High press for Reggae Boyz - Schäfer charts new playing style to realise World Cup ambition
Published: Wednesday | February 5, 2014
Schafer
Ryon Jones, Staff Reporter
For some time now, the Jamaican footballing public has been clamouring for the national football teams to develop a readily identifiable style of play.
If Reggae Boyz head coach, Winfried Schäfer, has his way, the national senior men's team will soon be playing 'pressing' football.
Pressing football is a tactic where the team without possession works assiduously to dispossess their opponents, with even their attackers applying pressure from deep within the opposition's half.
Some of the teams in world football that employ this strategy are last year's Champions League winners and German title holders Bayern Munich, Spanish cham-pions Barcelona and the Spanish national team which claimed the 2010 World Cup.

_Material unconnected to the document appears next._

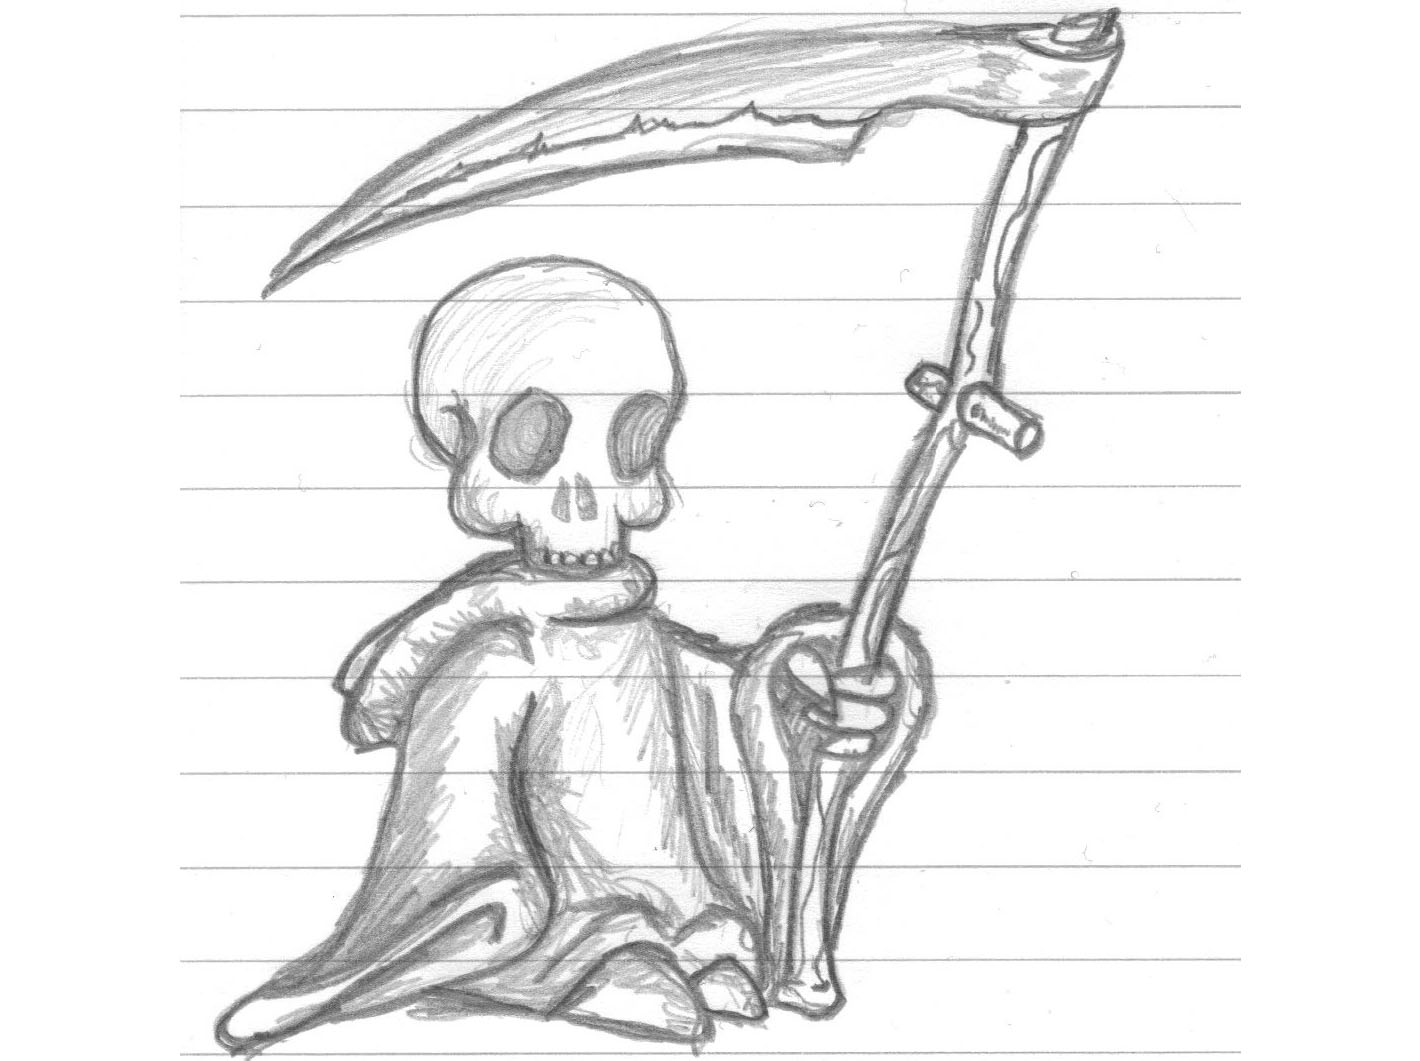 Design-88: Lil Grim Reaper

In order to successfully play the pressing game, the fitness level of the players is paramount, and this is one area in which Schäfer is keen to see local footballers improve.
"When you want to play pressing (football), you need players who can run 90 minutes for aggressive pressing," Schäfer shared with The Gleaner. "But first of all, you need fitness, discipline and courage. We have to play at a high level, and the high level is pressing. When you lose the ball, you have to fight for the ball."
FOUR-YEAR CONTRACT
In order to help Jamaica embark on this new style of play, the 64-year-old German, who was originally appointed for a four-month period, has subsequently agreed in principle to a new four-year contract with the Jamaica Football Federation (JFF), which will see him working to guide the country to the 2018 World Cup.
The Reggae Boyz are for action next on June 8 against France, but Schäfer anticipates that the team will be engaged in another friendly prior to that game.
"We will play before maybe a friendly match against Ireland," Schäfer disclosed. "My goal is the World Cup. My goal is not that we win against France; that is not possible, but we can make a very good match and everybody will say Jamaica's football is coming back. We have a plan for four years, not one week."
Schäfer believes in order for Jamaica's World Cup dreams to be realised, the country will first have to scrutinise the nightmares of the past.
"Captain (Horace Burrell, JFF president) and I have to work very hard together. We have to change many things," Schäfer reasoned. "First, we have to analyse why Jamaica missed out on four World Cups (since 1998) and why Jamaica did not play at the last Gold Cup; and what was bad, we cancel, and what was good, we keep."